Saturday, 4th February 2012

Legal threat to council

BRIDGNORTH Town Council could be taken to court by one of its former members after equipment taking down Christmas street lighting damaged her historic Low Town home.

Kate Dixon claimed during the public session at Tuesday’s meeting that the council was at fault for not shutting the street. Contractors from the south of England, engaged by the council, were using a cherry picker last month in St John’s Street when the 16th century half-timbered listed building  was damaged.

“It happened on a Saturday lunchtime, which was out of the contractual time and they were working on a pavement three metres wide,” she claimed. “The town council are at fault and were negligent in not closing the street,” she alleged.

“I am just thankful the damage was to property and not to people. There is a constant flow of traffic, which includes at least four buses every hour, and heavy goods vehicles.”

After the meeting Mrs Dixon’s husband, John, said that the house had been built in about 1560. He said the rendering and pavement had been damaged to the tune of about £750.

Mrs Dixon added: “With the opening of a doorway from Marks & Spencer on to St John’s Street, the post office, children walking to and from school, elderly residents walking to the bus stop at the junction of Mill Street and pedestrian traffic in general, it is also very busy with foot traffic. If the matter is not settled by the council’s insurers I will go to court.”

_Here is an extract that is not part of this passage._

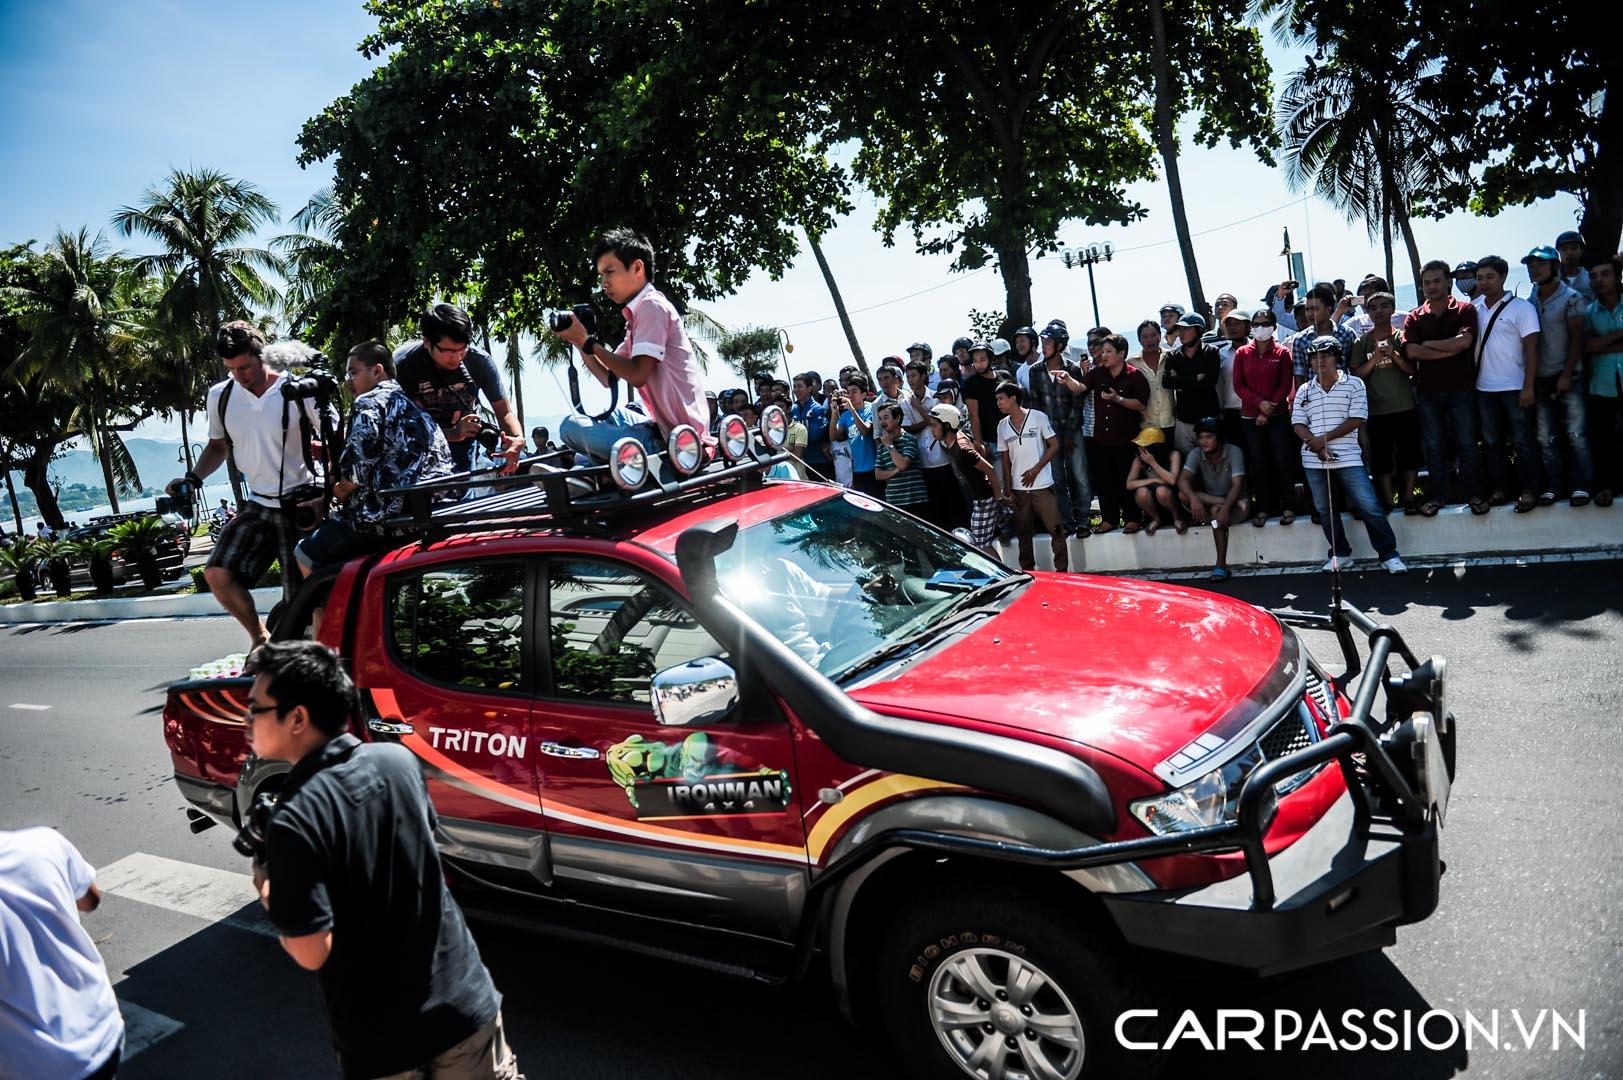 CP-Hành trình siêu xe CarPassion 2011 Day 3 (10).jpg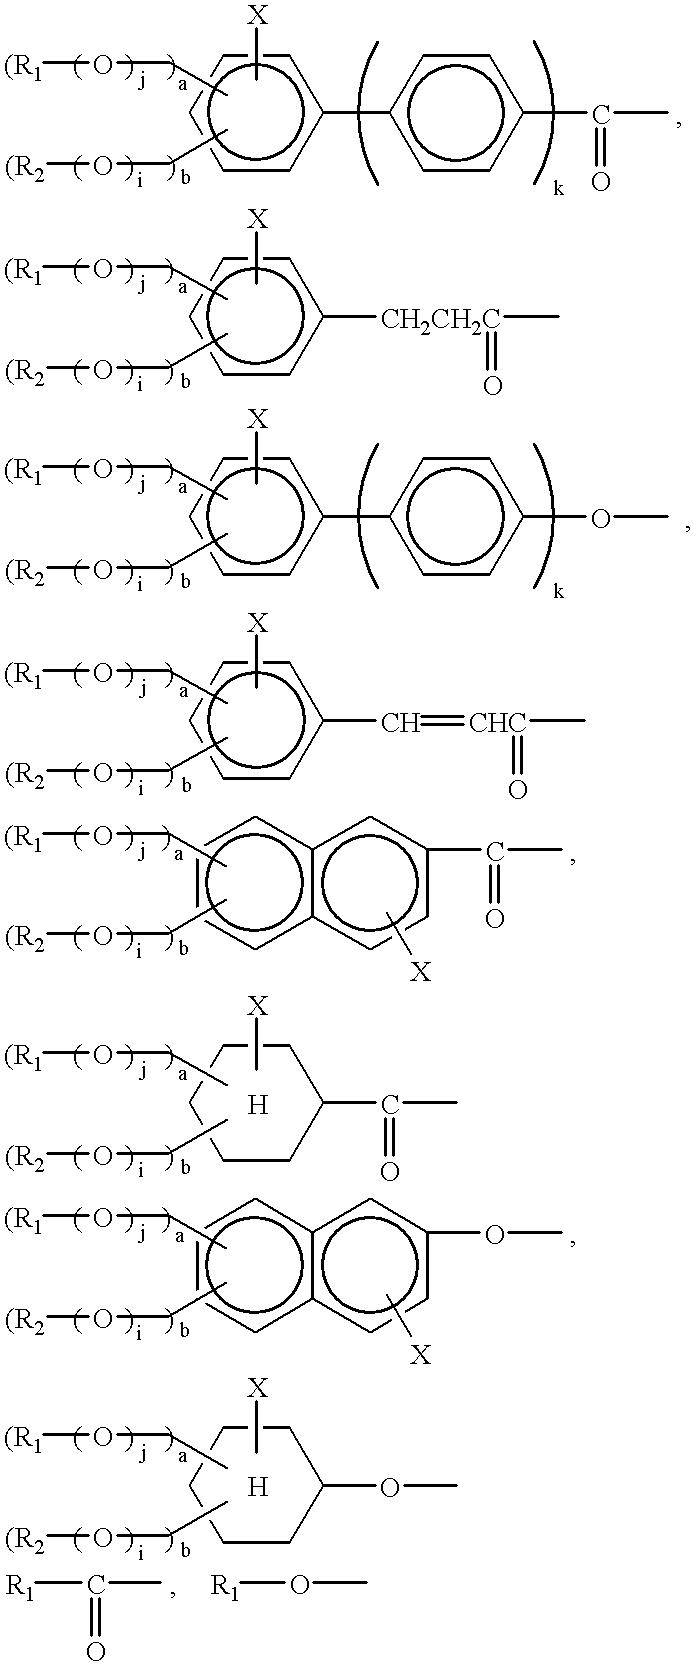 Figure US06261649-20010717-C00001

She questioned why the town council did not identify the “severe risk” to pedestrians, vehicles and property when the contract was drawn up. “I believe that the contractors who carried out the work were not local and therefore not familiar with the extent of movement, both vehicular and pedestrian, in St John’s Street, so I therefore consider that it should have been the responsibility of the town council to have advised them of the dangers of working at this location without closing the road,” she said.

Locum town clerk John Ward told the meeting that he would be answering Mrs Dixon’s questions as the claim for public liability was a matter for the  council’s insurers.